Mr Cheal managed to photograph sections of both lower sections – the Last Supper and the Mocking of Christ - by crawling into the lower organ loft when it was opened for routine cleaning in 2011, having asked engineers to unscrew a steel panel so he could poke the camera into the space behind.
“I wasn’t really sure what I was taking,” said John. “When we examined the pictures later, it was a real shock to see something so beautiful yet so forceful emerge, and to know we were the first people to set eyes on it in over a century.”
Vicar Martin Gorick was in doubt of the window's importance.
He said: “This is one of Holy Trinity’s greatest treasures – now revealed as never before”.

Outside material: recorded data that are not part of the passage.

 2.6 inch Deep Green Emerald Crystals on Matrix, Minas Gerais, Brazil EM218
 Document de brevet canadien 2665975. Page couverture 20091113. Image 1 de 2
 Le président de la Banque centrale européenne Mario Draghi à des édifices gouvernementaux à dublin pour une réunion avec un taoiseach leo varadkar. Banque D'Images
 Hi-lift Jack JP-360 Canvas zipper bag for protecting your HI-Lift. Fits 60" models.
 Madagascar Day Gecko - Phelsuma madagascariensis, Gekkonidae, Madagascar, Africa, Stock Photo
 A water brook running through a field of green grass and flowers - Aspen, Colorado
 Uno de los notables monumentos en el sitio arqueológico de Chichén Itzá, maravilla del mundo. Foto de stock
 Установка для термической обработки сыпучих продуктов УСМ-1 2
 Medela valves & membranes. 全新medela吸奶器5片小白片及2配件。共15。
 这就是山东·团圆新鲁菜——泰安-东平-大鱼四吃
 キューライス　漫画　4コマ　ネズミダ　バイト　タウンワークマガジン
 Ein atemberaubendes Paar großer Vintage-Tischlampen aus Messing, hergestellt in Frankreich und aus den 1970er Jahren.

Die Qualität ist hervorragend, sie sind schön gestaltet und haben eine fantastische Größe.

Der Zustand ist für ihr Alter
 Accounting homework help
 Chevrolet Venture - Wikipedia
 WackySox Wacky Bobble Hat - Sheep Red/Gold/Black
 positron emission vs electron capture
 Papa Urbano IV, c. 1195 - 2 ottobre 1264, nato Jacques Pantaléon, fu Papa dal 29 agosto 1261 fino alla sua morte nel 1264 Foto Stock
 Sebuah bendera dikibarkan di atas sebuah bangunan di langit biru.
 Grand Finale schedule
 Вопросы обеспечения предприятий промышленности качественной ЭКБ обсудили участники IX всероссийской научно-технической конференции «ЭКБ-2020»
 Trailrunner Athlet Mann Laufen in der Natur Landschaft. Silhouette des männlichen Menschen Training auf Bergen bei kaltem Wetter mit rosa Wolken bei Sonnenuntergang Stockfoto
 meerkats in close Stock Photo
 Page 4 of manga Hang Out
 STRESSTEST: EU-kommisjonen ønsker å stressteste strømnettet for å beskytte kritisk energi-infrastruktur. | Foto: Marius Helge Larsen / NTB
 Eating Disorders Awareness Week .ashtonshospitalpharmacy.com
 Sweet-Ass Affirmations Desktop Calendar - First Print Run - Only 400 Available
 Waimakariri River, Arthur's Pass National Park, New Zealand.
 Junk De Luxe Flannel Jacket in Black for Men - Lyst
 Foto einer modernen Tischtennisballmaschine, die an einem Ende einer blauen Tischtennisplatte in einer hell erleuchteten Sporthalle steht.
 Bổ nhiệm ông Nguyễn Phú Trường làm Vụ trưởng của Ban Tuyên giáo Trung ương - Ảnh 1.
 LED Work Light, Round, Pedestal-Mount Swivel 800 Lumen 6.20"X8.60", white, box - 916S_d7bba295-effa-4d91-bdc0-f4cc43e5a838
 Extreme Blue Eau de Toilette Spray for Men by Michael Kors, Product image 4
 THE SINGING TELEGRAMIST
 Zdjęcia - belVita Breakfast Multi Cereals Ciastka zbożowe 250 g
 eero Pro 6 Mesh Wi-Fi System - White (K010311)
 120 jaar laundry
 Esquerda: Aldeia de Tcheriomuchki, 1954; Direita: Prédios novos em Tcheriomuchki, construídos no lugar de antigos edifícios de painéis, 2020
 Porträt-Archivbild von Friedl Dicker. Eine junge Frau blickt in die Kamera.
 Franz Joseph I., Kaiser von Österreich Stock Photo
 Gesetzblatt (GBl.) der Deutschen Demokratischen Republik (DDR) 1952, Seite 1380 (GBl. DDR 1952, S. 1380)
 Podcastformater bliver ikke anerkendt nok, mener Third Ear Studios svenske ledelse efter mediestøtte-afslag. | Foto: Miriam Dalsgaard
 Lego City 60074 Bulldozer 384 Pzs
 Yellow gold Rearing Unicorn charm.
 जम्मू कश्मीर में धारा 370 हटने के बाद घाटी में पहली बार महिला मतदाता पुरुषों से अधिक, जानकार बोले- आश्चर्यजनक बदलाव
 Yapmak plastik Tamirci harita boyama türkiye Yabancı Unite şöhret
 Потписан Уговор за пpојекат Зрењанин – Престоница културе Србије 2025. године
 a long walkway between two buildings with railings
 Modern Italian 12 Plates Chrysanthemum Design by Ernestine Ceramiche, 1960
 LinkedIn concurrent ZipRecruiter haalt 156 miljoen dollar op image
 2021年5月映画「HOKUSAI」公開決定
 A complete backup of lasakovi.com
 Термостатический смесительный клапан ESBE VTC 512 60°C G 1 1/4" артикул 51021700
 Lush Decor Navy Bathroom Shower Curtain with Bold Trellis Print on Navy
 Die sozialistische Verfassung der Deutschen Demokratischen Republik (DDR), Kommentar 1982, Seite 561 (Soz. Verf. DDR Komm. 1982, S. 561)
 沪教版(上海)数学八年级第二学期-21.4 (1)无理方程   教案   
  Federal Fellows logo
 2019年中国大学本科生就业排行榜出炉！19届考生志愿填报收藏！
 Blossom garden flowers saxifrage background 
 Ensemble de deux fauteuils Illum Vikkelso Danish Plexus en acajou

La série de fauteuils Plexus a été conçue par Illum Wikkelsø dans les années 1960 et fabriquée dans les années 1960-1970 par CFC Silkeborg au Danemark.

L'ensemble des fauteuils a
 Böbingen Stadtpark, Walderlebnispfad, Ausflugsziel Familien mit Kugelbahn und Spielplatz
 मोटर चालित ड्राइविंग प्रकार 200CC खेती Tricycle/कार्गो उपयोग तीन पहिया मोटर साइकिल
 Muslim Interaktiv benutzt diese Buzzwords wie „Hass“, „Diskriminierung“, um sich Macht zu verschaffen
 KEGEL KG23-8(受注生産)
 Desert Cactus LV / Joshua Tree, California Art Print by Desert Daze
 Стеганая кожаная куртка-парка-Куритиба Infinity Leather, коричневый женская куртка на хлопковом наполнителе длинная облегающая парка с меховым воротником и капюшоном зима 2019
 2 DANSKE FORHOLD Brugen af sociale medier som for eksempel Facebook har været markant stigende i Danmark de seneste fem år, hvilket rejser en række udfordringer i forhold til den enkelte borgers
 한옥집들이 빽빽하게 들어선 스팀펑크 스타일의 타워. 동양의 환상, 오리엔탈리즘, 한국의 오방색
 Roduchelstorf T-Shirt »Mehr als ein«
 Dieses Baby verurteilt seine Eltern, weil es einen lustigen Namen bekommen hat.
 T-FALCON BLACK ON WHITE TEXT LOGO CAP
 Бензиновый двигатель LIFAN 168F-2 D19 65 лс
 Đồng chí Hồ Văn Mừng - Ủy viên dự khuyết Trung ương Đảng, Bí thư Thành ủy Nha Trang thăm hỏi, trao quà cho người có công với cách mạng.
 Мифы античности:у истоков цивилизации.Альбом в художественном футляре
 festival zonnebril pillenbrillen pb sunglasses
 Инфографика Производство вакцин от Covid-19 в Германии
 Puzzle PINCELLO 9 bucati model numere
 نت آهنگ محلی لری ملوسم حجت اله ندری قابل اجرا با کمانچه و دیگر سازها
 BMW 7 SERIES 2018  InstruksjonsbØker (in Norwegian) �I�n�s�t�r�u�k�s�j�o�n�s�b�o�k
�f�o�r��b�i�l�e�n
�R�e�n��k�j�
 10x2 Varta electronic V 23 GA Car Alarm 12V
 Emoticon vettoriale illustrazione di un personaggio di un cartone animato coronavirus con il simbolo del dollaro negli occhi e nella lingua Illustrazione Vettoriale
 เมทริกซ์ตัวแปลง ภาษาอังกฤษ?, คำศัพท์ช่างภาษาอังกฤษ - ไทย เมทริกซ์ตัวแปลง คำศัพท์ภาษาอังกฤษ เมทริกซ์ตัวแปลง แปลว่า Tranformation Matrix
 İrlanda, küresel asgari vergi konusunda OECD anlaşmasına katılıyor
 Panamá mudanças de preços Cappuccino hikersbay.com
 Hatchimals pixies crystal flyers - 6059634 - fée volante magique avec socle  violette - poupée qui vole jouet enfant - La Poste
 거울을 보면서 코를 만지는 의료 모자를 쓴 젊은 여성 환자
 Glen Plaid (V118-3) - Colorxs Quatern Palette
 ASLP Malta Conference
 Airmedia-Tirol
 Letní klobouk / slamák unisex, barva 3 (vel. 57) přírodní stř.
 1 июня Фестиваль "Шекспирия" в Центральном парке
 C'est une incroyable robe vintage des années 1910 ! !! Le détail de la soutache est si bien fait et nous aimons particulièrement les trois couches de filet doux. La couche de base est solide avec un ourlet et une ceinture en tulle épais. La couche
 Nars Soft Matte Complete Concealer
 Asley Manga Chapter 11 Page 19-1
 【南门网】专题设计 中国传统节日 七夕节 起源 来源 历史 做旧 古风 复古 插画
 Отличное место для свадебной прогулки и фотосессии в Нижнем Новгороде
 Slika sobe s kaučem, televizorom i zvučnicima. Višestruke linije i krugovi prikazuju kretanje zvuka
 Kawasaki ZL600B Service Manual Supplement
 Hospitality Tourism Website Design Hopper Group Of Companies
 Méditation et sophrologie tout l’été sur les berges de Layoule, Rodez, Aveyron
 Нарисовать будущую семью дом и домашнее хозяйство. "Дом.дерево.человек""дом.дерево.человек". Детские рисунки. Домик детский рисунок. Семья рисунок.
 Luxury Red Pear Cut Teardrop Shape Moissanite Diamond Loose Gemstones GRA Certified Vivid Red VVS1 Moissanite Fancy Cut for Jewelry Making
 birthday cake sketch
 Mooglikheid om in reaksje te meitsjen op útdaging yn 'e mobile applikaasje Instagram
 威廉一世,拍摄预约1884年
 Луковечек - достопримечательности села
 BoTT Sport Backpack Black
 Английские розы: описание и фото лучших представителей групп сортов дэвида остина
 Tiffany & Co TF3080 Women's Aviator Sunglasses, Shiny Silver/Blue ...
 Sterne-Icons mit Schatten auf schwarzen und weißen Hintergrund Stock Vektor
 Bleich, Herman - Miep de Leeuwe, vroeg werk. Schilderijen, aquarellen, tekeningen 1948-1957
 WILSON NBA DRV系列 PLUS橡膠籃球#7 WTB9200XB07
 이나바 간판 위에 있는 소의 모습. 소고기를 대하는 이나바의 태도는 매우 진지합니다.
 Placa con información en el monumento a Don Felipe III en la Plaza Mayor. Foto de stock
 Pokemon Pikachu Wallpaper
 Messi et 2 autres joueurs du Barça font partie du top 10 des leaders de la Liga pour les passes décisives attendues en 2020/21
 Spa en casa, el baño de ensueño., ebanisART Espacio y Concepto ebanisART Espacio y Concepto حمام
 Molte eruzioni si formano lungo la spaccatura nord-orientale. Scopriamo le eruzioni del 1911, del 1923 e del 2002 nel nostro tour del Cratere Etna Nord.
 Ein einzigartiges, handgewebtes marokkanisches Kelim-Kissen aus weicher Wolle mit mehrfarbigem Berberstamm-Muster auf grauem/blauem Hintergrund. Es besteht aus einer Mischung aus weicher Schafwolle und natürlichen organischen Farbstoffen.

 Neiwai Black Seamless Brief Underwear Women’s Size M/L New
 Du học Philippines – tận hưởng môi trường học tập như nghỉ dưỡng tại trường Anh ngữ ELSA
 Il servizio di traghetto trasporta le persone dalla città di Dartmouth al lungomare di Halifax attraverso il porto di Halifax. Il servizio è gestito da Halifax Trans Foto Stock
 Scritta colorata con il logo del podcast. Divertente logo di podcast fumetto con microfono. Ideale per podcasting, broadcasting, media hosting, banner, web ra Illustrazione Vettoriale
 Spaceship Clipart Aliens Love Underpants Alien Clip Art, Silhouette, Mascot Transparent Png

According to Peter Cormack, Visiting Fellow at London's Victoria & Albert Museum, the imagery of the Mocking of Christ is relatively rare in Anglican churches. It shows Jesus being humiliated before his crucifixion, given a reed ‘sceptre’ and a crown of thorns.
Ms Hammond said: “Each and every window is precious, whether it is made from shards of medieval glass, or an early 20th century masterpiece, because each one is a part of Holy Trinity’s history - but this image is certainly something very special.”
The booklet, available from the church bookshop, tells the story of the windows from medieval times, through the Reformation, Civil War and centuries of plain glass, to the replacement of stained glass in the 19th century.
The Friends of Shakespeare's Church are currently looking for help to raise in excess of 2.5 million for repair and renovation of the church building; specifically the stained glass windows. For further details visit www.shakespeareschurch.org or call 01789 290128.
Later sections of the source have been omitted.